• Given material:

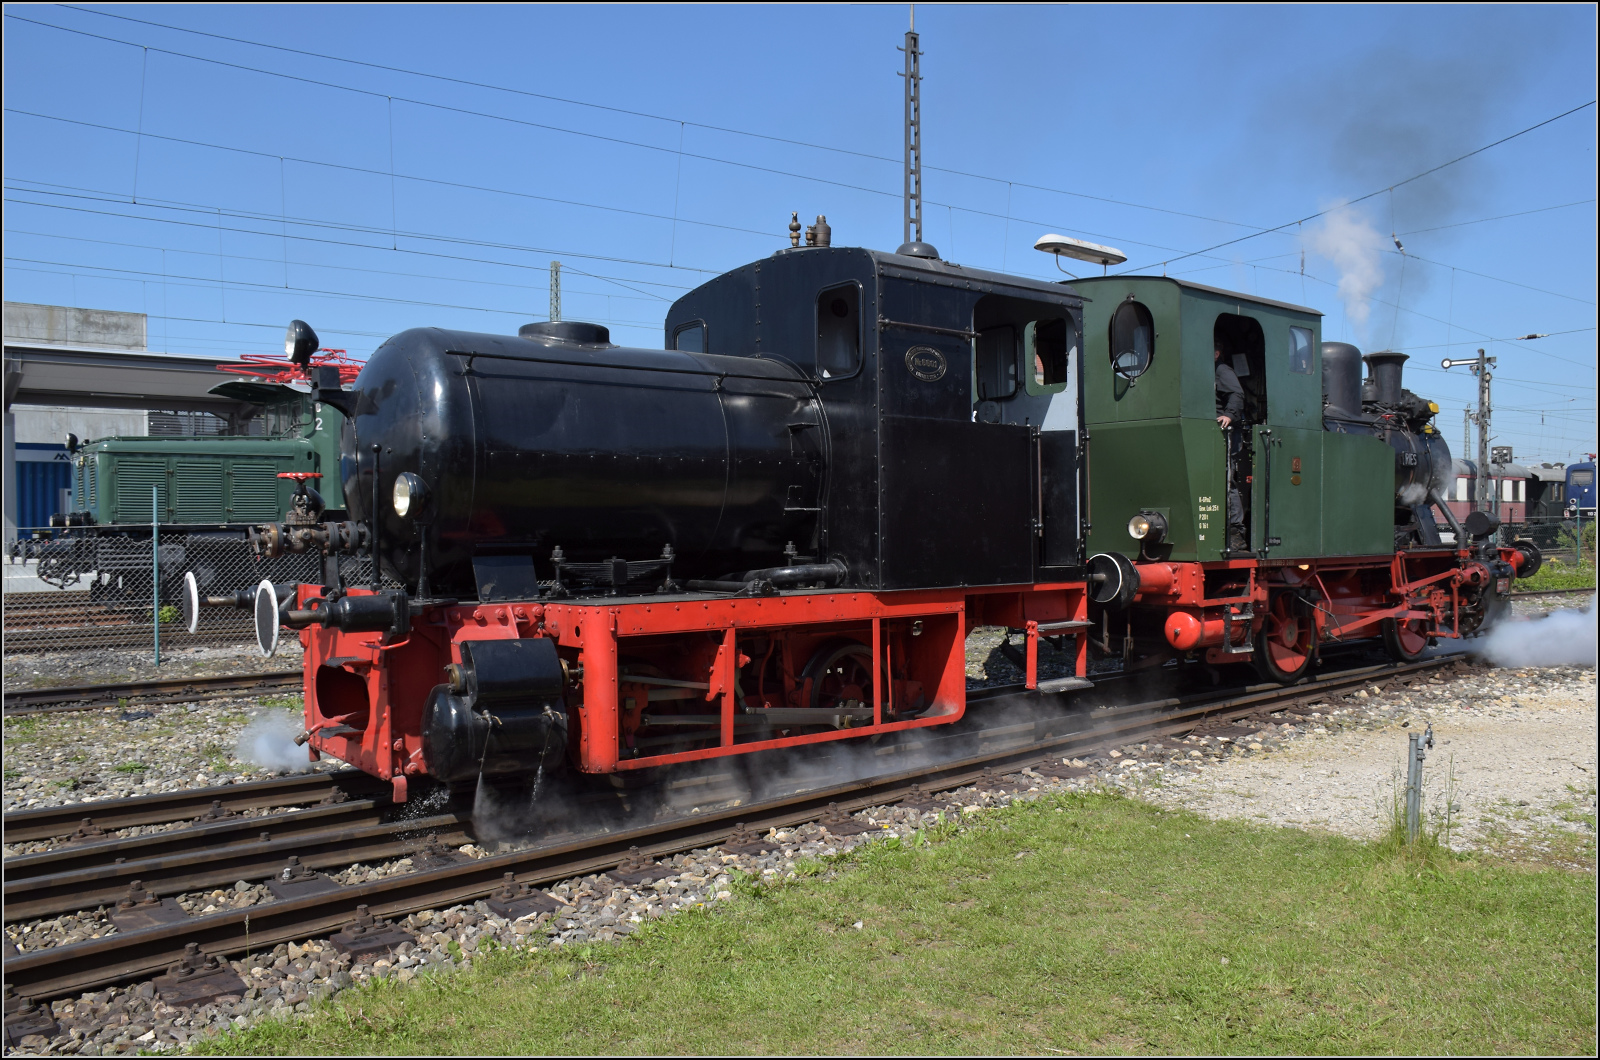 175 Jahre Eisenbahn in Nördlingen / 55 Jahre Bayrisches Eisenbahnmuseum.

Dampfspeicherlok Nr. 6601 wurde von Krauss im Jahr 1912 geliefert und scheint ihre Fabriknummer als Bezeichnung übernommen zu haben. An diesem Tag hatte die kleine Lok viel zu tun, sie musste einige kalte Dampfloks auf die Drehscheibe zur Präsentation ziehen. Mai 2024.
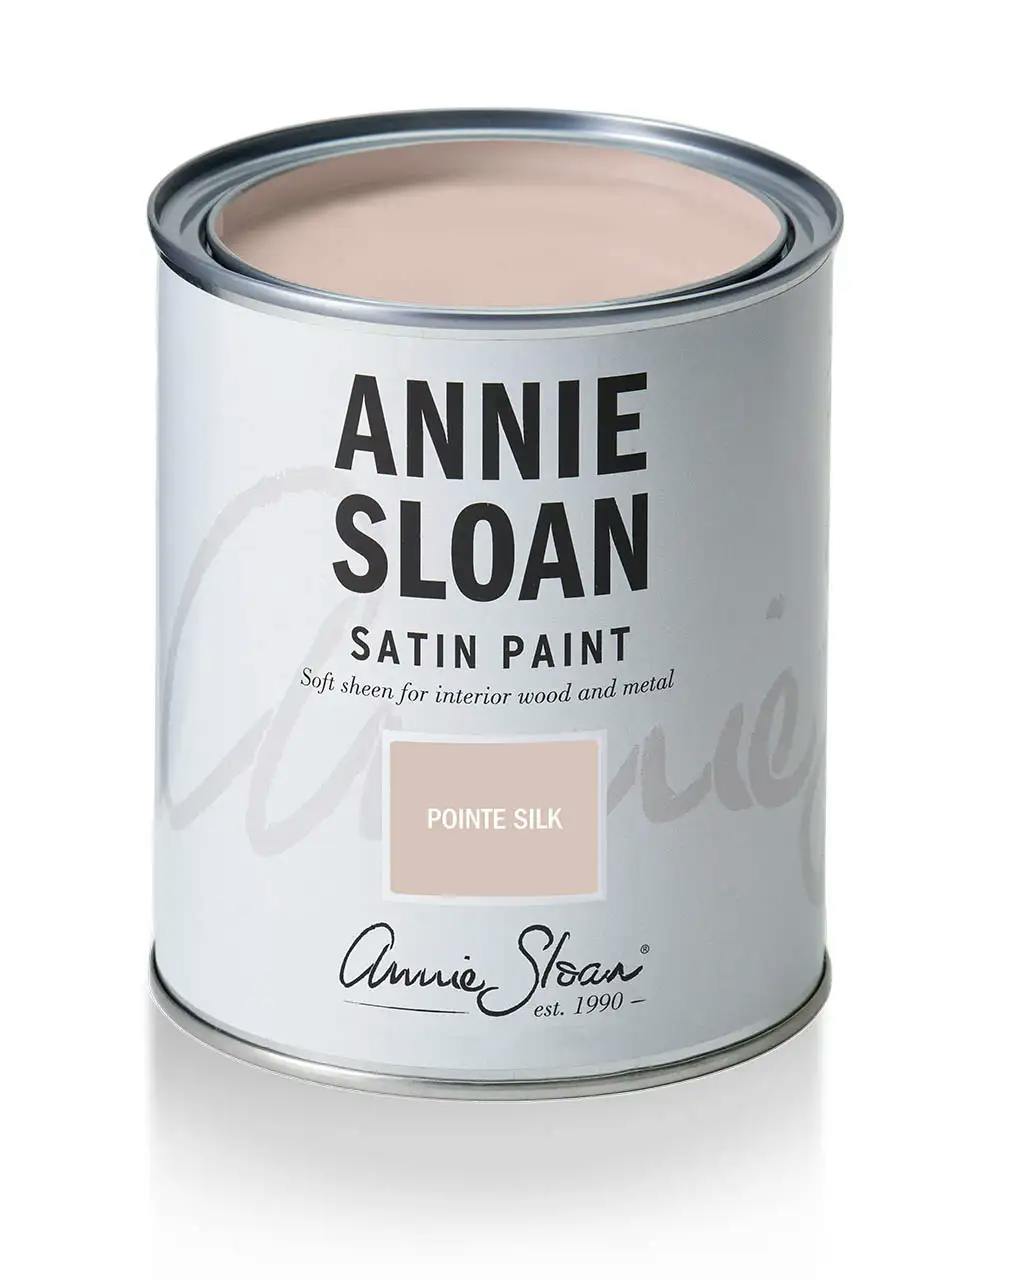 Annie Sloan Satin Paint Pointe Silk 750ml ljus rosa smutsig pastell  Tålig glada ungmöns diversehandel

• Your instructions:
Excluding pictures, reproduce the listing above exactly as it stands.

• Your response:
 175 Jahre Eisenbahn in Nördlingen / 55 Jahre Bayrisches Eisenbahnmuseum.

Dampfspeicherlok Nr. 6601 wurde von Krauss im Jahr 1912 geliefert und scheint ihre Fabriknummer als Bezeichnung übernommen zu haben. An diesem Tag hatte die kleine Lok viel zu tun, sie musste einige kalte Dampfloks auf die Drehscheibe zur Präsentation ziehen. Mai 2024.
 Annie Sloan Satin Paint Pointe Silk 750ml ljus rosa smutsig pastell  Tålig glada ungmöns diversehandel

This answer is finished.